Brand Upon the Brain!

Opening this Friday:

In an extra-long On Screen this week: the Jon Krakauer adaptation Into the Wild (“A simplistic, dewy-eyed paean to a conflicted young man whom [director Sean] Penn would rather canonize than investigate,” says Brendan Kiley)…

IntotheWild.jpg

The Kingdom (“feels much more successful when it downshifts into a rock ‘em, sock ‘em action flick,” says Andrew Wright), Trade (“tries to avoid the stench of sexual exploitation, but lands in a mess of sentimentality—red roses, pink bikes—which is far more revolting,” say I), King of California (it may romanticize manic depression, but it’s charming, concludes Kiley), The Jane Austen Book Club (great actors, a painfully pseudointellectual script—why the hell is Emily Blunt costumed like Miranda July?, I ask), Feast of Love (“The worst thing about Feast of Love,” Charles Mudede observes, “is that the sex scenes are not sexy.”), December Boys (“an episodic coming-of-age drama,” according to David Schmader, featuring an orphan named Harry Potter—err, Daniel Radcliffe), and the mumblecore standard-bearer Hannah Takes the Stairs (“seems like an empty parody of the form,” says mumblecore admirer Josh Feit).

And on an island of its own: Lindy West’s much-admired but hardly admiring review of The Game Plan.
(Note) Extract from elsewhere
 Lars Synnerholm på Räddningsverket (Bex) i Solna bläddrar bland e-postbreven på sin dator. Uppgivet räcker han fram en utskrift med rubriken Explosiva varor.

And in limited runs this week, available via Get Out: Angels in the Dust, Apart from That, events in the Independent South Asian Film Festival (which is totally free this year), the last of the Paramount’s Charlie Chaplin series, an advance screening of Ang Lee’s Lust, Caution, and Vanaja. Enjoy.

RSS icon Comments

1

Am I missing notification of the two PETER GREENAWAY films at Northwest Film Forum?
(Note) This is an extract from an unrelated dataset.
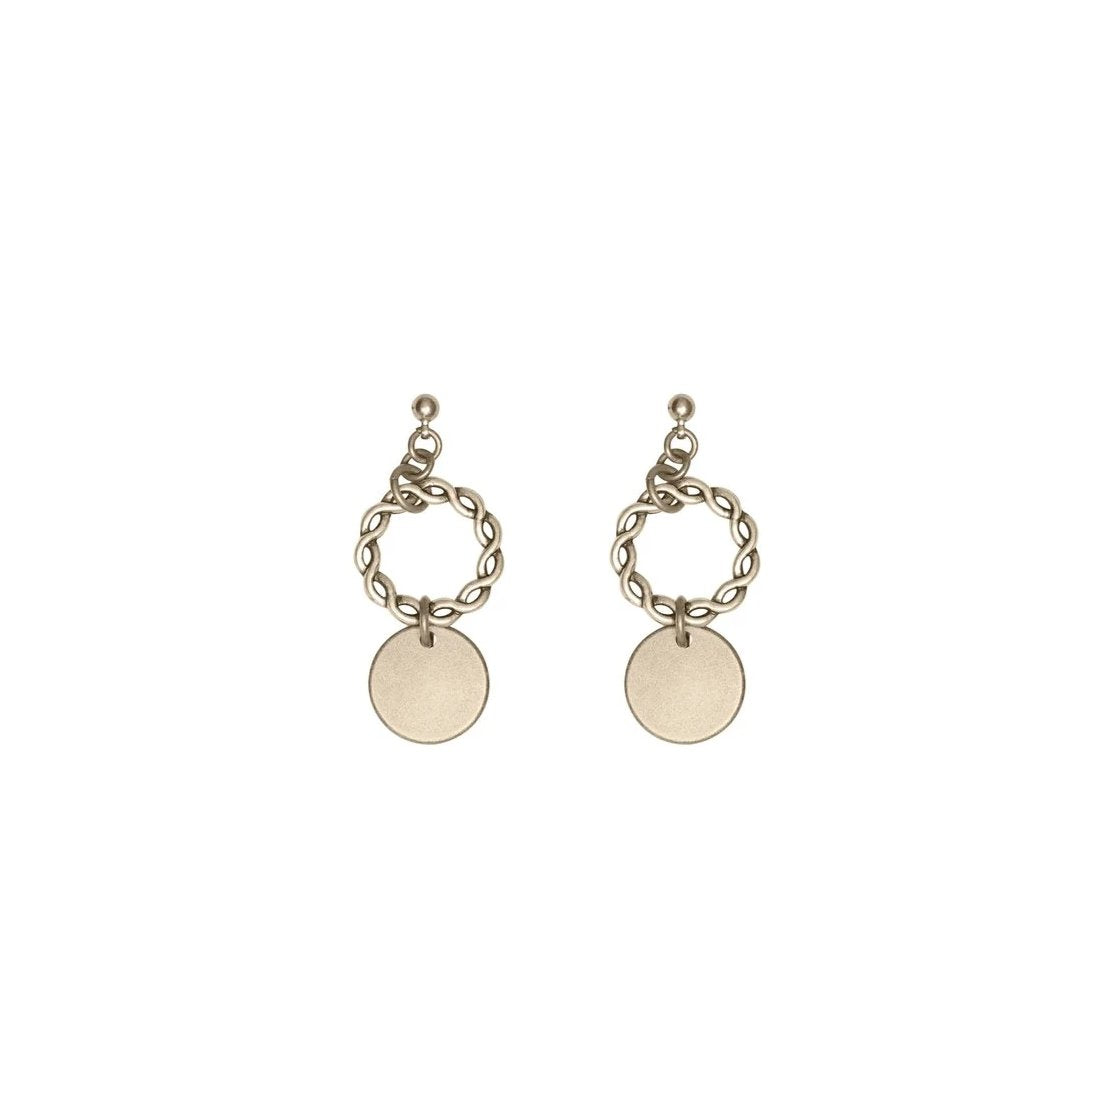 Handmade gold earrings for women.

This is coincidental because in an earlier comment this week I mentioned how much I liked his stuff. It's always good to revisit old tastes and see if they match up to the present. I expect these to hold up, unlike Slacker which blew my mind when it came out, and then seeing it ten years later, it seemed a bit trite.
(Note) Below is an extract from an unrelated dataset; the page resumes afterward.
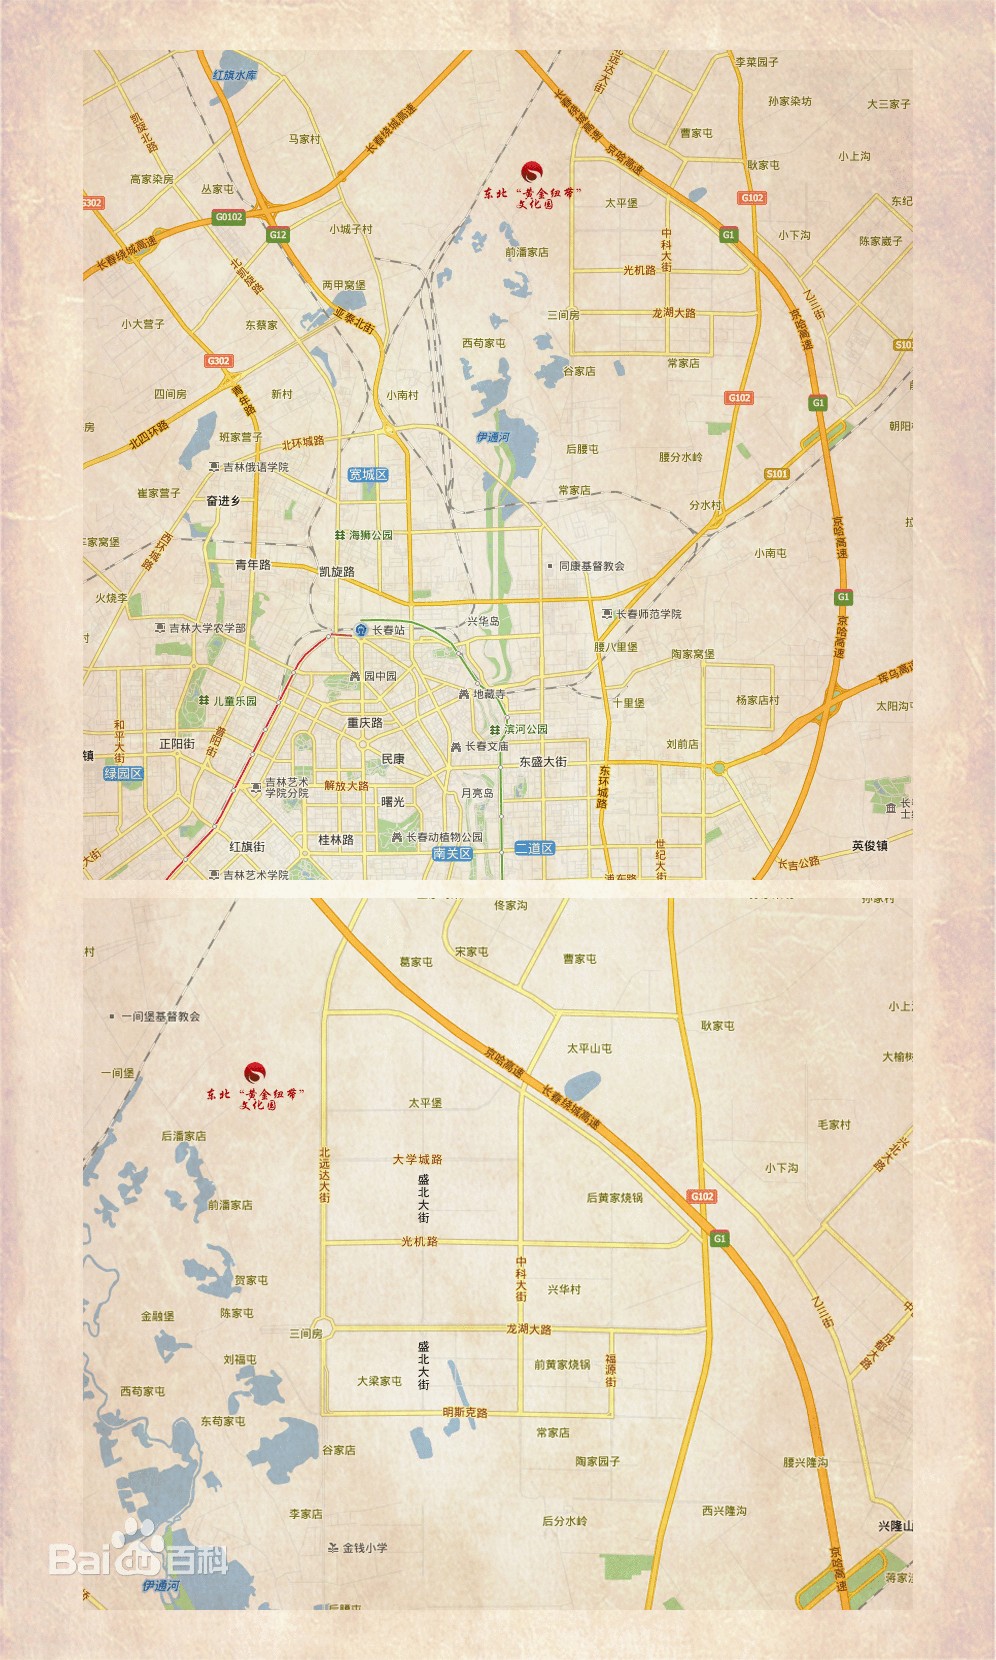 東北亞黃金紐帶文化園周邊地圖

You can always go see some Keifer Sutherland movie as well, and then make fun of it later.

Lastly, I'm still waiting to hear back from Jonah if whether we're filming tomorrow at the Food Bank. Maybe my voicemail got erased?

Posted by June Bee | September 28, 2007 4:31 PM
2

I'd go for the Chaplin.

That or the two Italian movies that Cinema Seattle is showing at the SIFF Theater next to the Festa Italia this weekend.

Speaking of slackers, I quite enjoyed Reaper - the only good show on CW now (man, it's a desert on that channel ...)

Posted by Will in Seattle | September 28, 2007 5:20 PM
3

sticking up for paris: this isn't really common at all. it's the display window of a shop called Noir Kennedy, in the Marais, a place that sells Cheap Mondays. so there.

Posted by jeremy | September 29, 2007 9:42 PM
4

I only look at pictures on slog...and I have to say: rats ewww! hehe. just kidding. I look at words sometimes, but still rats ewww!

Posted by Kristin Bell | September 30, 2007 6:03 AM
5

Kiley really gets it wrong about Penn & "Into The Wild." The recent revised addition to the Krakauer book, and a Men's Journal piece indicate new material on the specifics of Chris' death, still I think the director makes clear the costs of going it alone.

I grew up in Canada, and lived in the Canadian Rockies, where reading lit alone will give you an education in survival. I believe the film offered a clear contrast between what it is to quest with the help of others vs. alone without skills or supplies.

Posted by sonya | September 30, 2007 1:49 PM
6

For my money, Into the Wild is one of the best movies of 2007 (and I've seen almost 300 so far this year). I can understand that it wasn't to Brendan Kiley's liking--to each his own, and all that--but I'm sorry he didn't get more out of it. I found it incredibly moving. Then again, I grew up in Alaska, and that may have colored my perceptions. Limbo and Grizzy Man aside, I can't say I've seen many films that have captured the state in all its terrible beauty quite so vividly.